Material provided: Begin

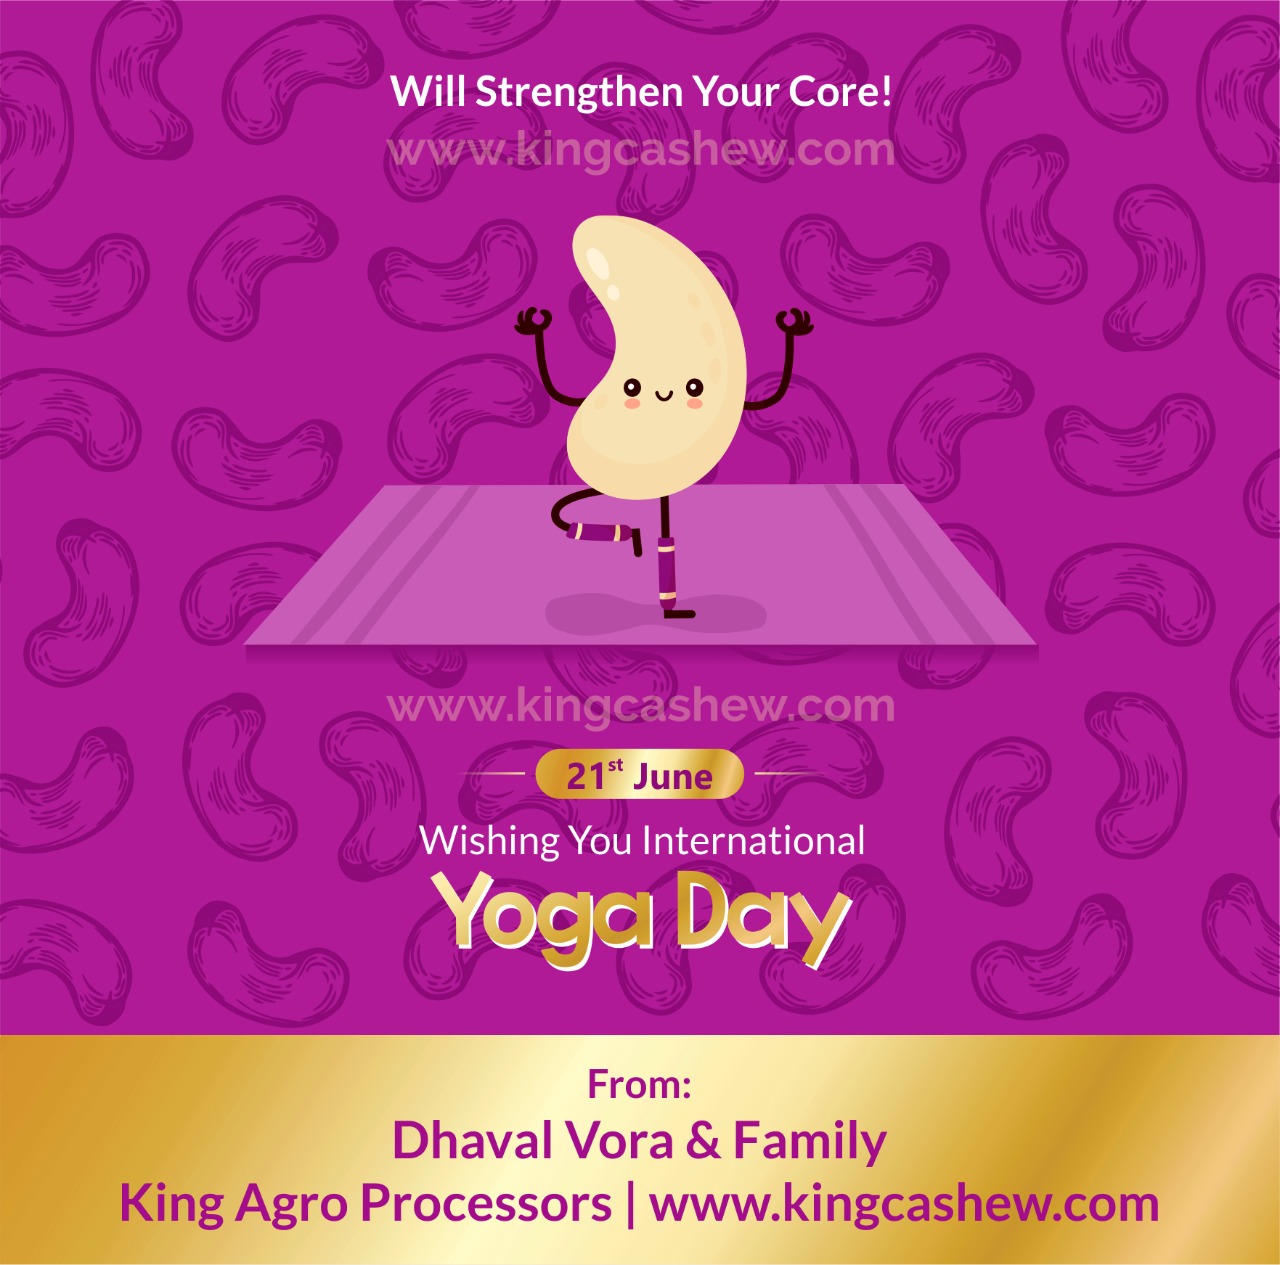 Wishing You International Yoga Day
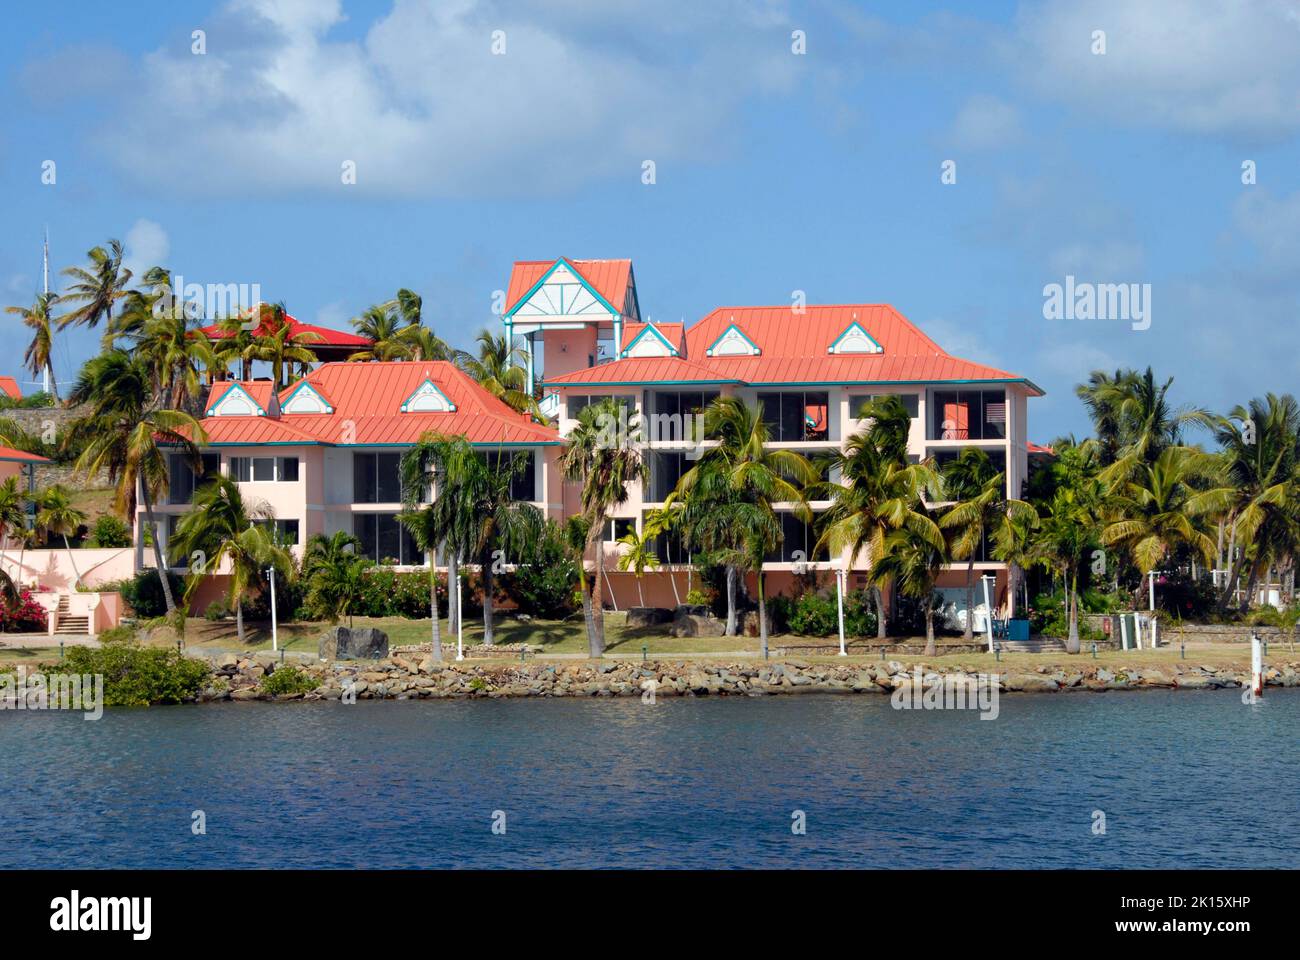 Am Wasser gelegene Gebäude an der Simpson Bay Lagoon, Sint Maarten, Karibik Stockfoto
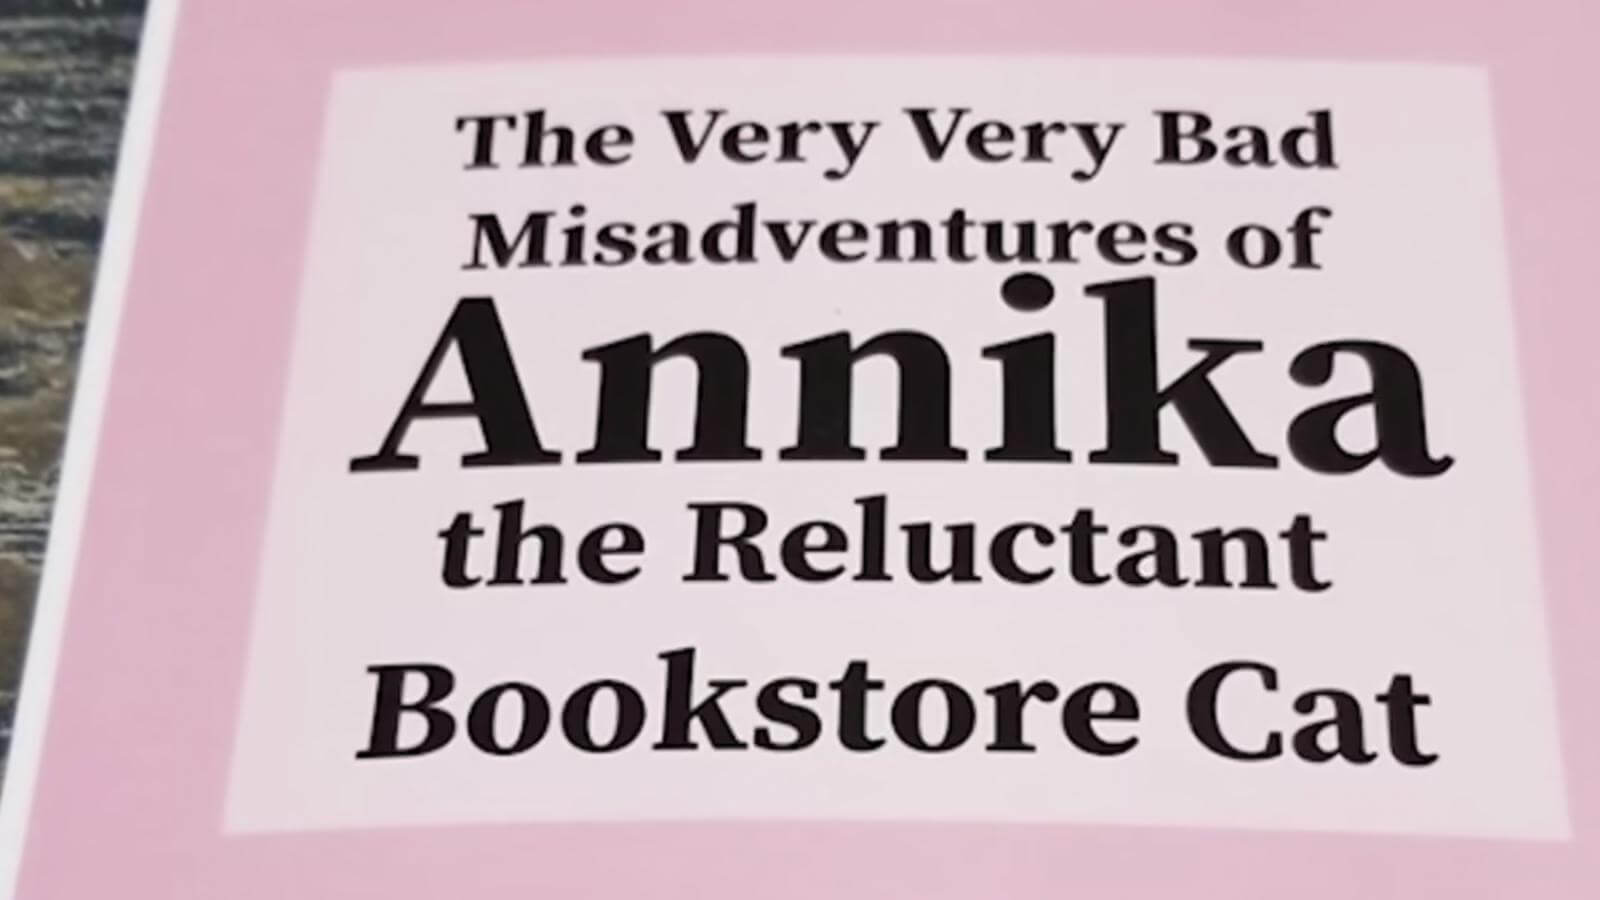 Let’s make Annika’s book a bestseller. Cupboard Maker Books
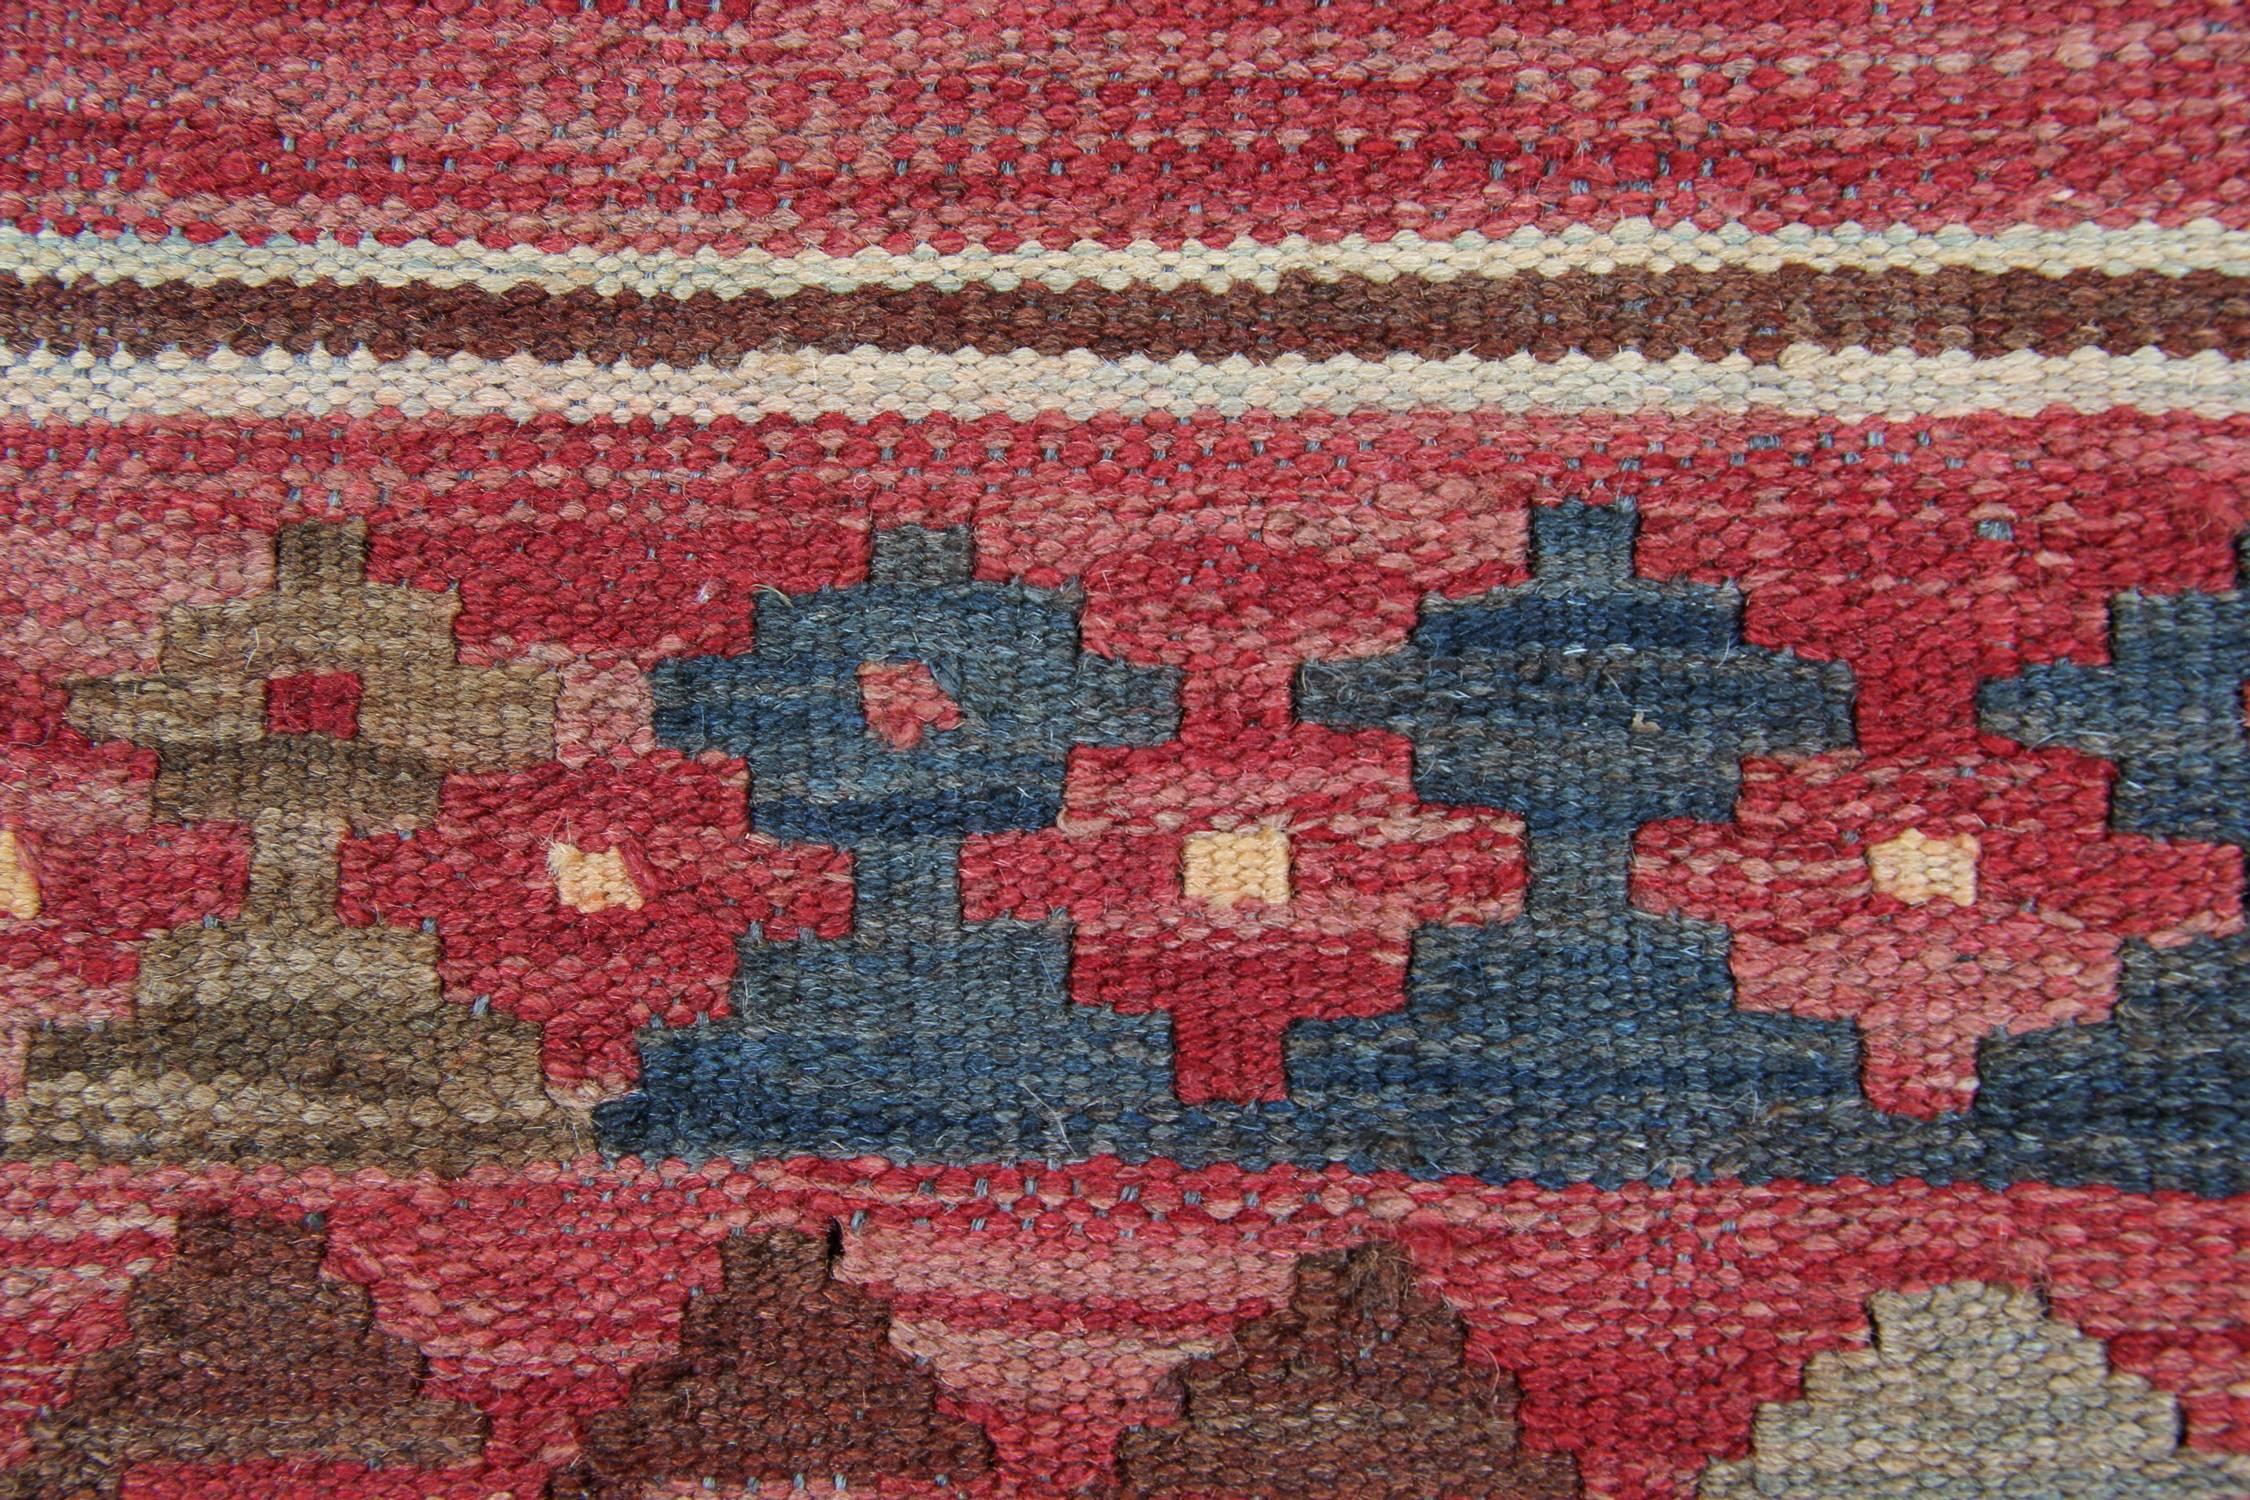 Woven Afghan Kilim Rug with Geometric Design

Material provided: End

__Activity__.
Output the lines above in full and exactly. Leave out every picture.

__Output below__.
 Wishing You International Yoga Day
 Am Wasser gelegene Gebäude an der Simpson Bay Lagoon, Sint Maarten, Karibik Stockfoto
 Let’s make Annika’s book a bestseller. Cupboard Maker Books
 Woven Afghan Kilim Rug with Geometric Design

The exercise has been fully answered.